## ASSIGNMENT
Could you restate word for word only the lines below from the one holding "Adventure Club Love // Chaos cover artwork" to the one holding "UNICEF volunteer teaching in school, China.", inclusive, and leave out the pictures?

## ENTRIES SHOWN
##########
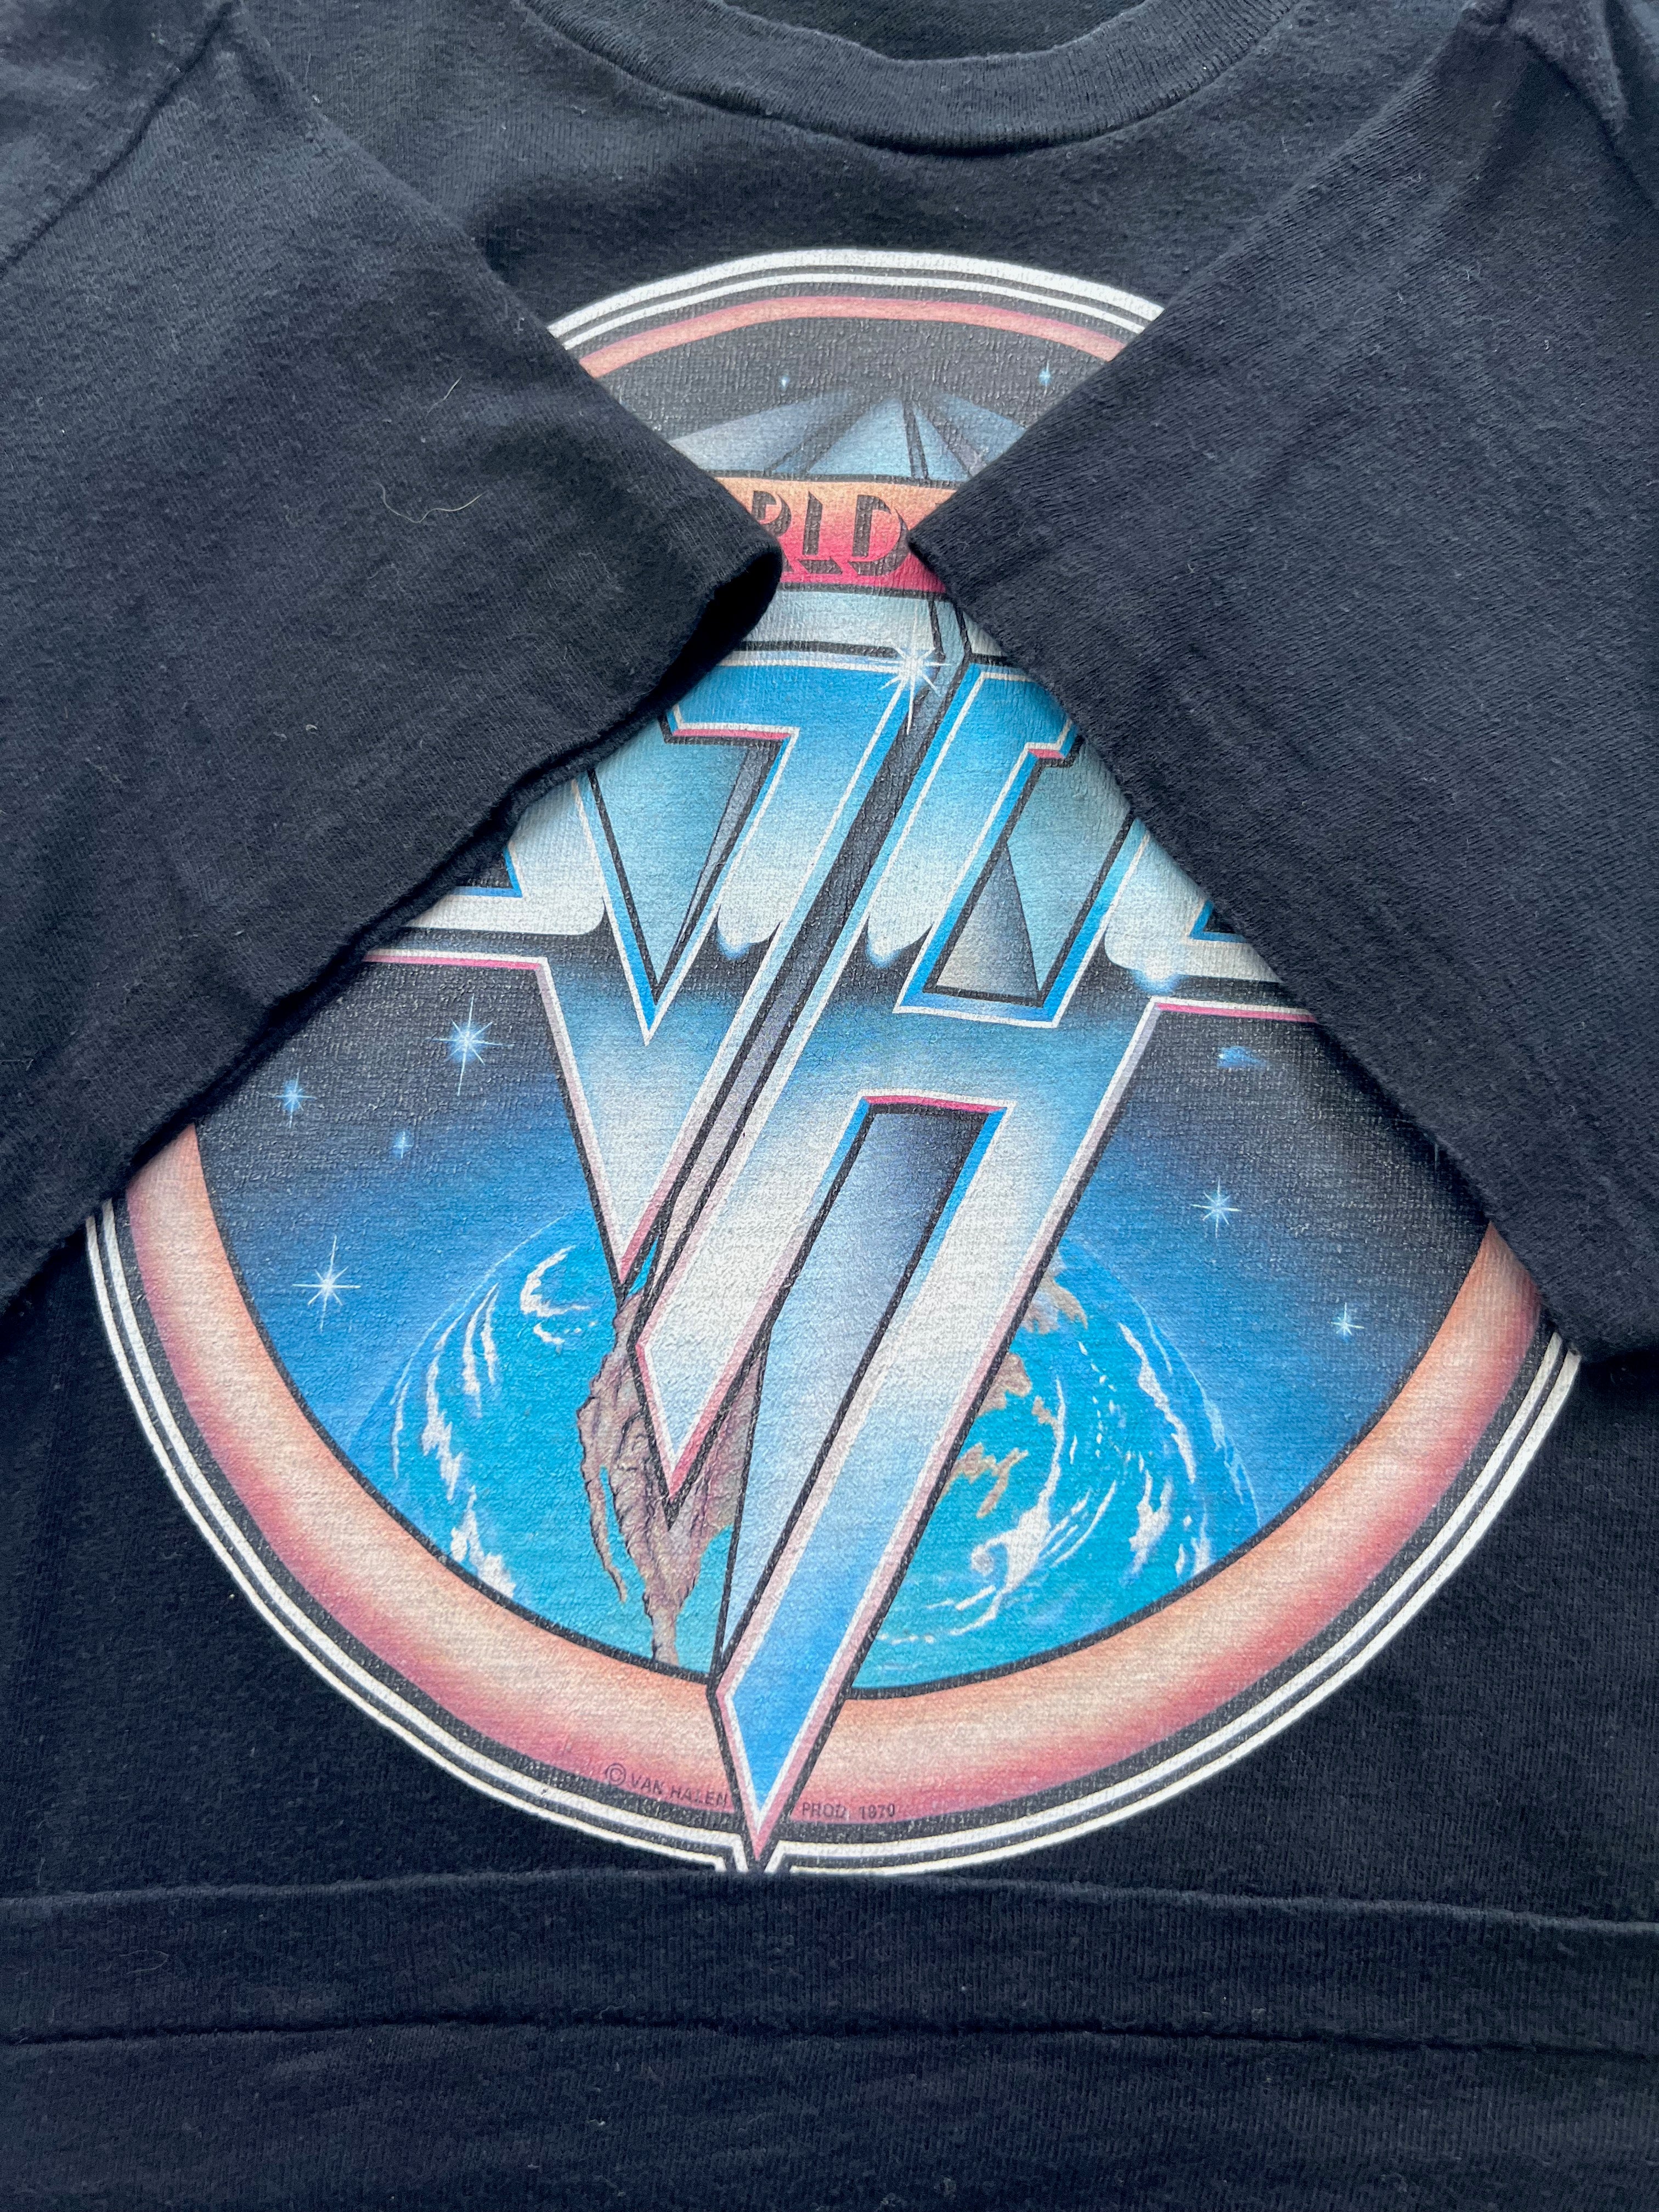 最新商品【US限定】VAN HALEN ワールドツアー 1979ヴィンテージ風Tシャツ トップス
##########
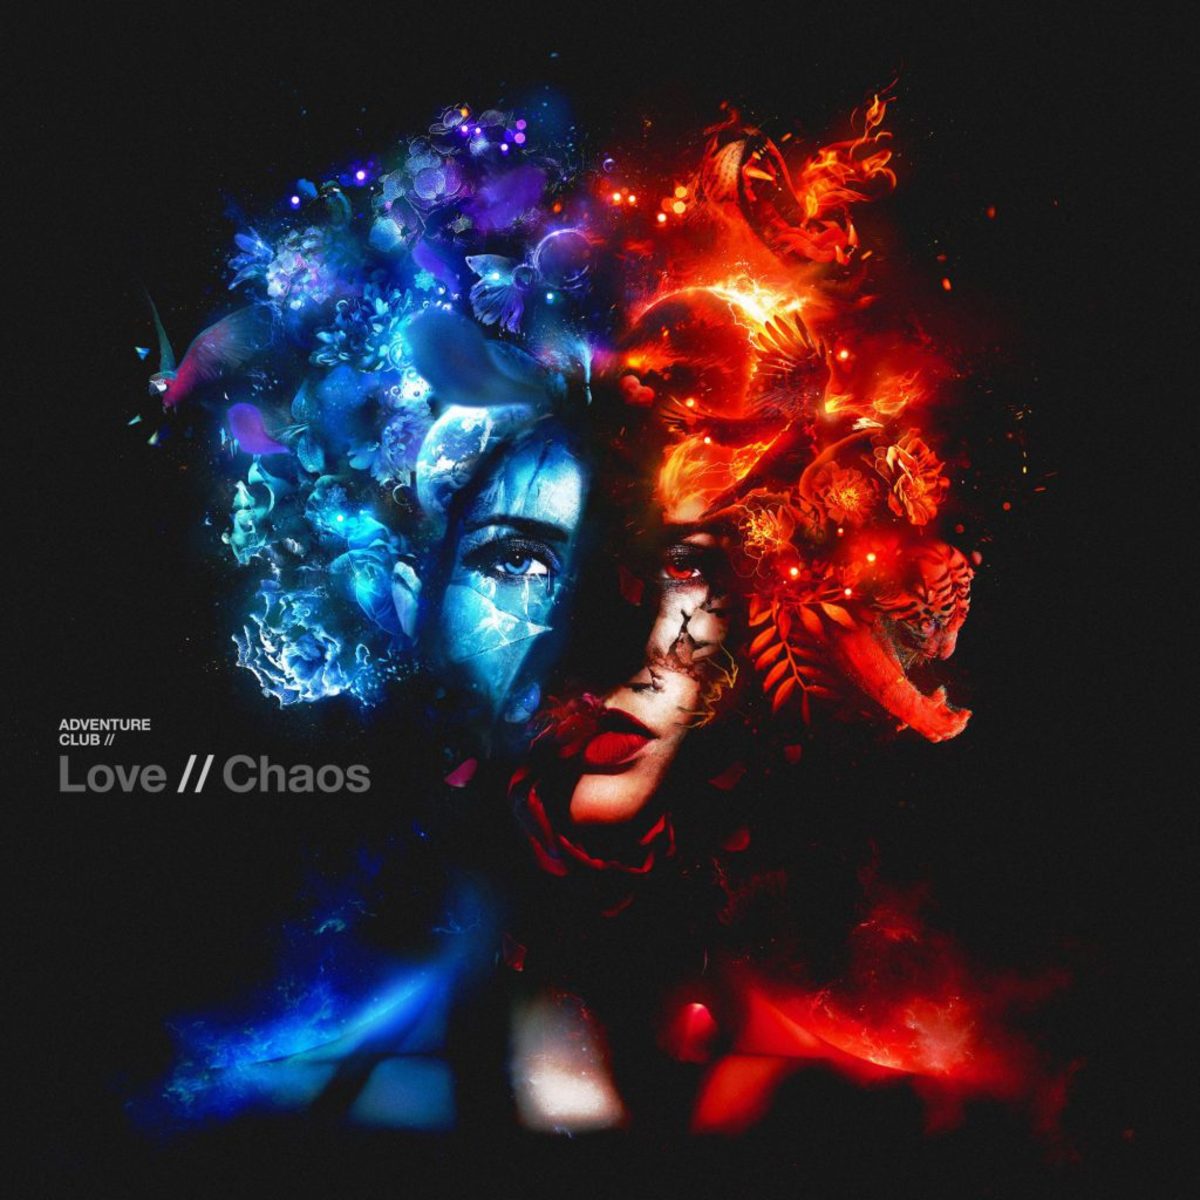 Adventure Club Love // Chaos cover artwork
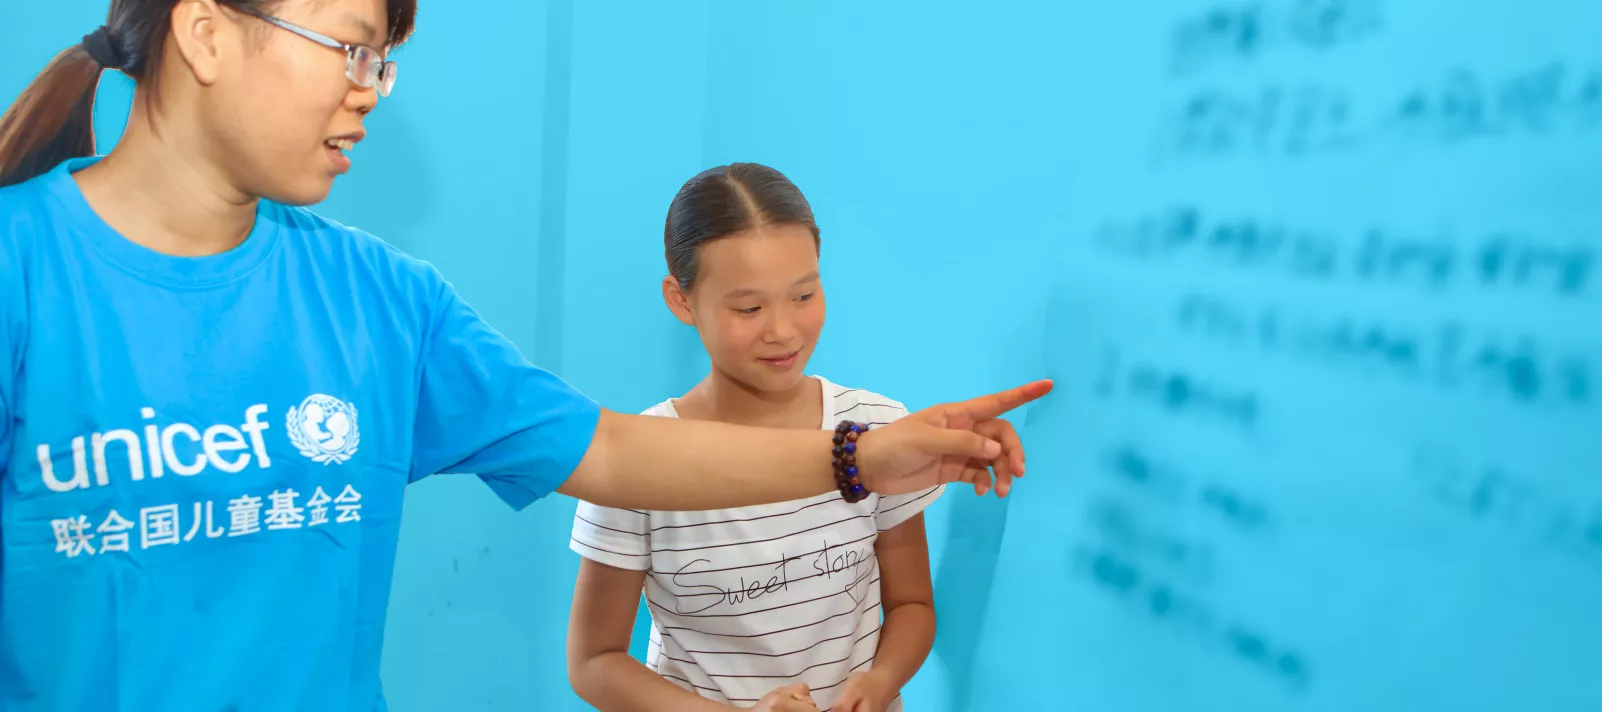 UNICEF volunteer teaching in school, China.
##########
## ANSWER FOR THE TASK
 Adventure Club Love // Chaos cover artwork
 UNICEF volunteer teaching in school, China.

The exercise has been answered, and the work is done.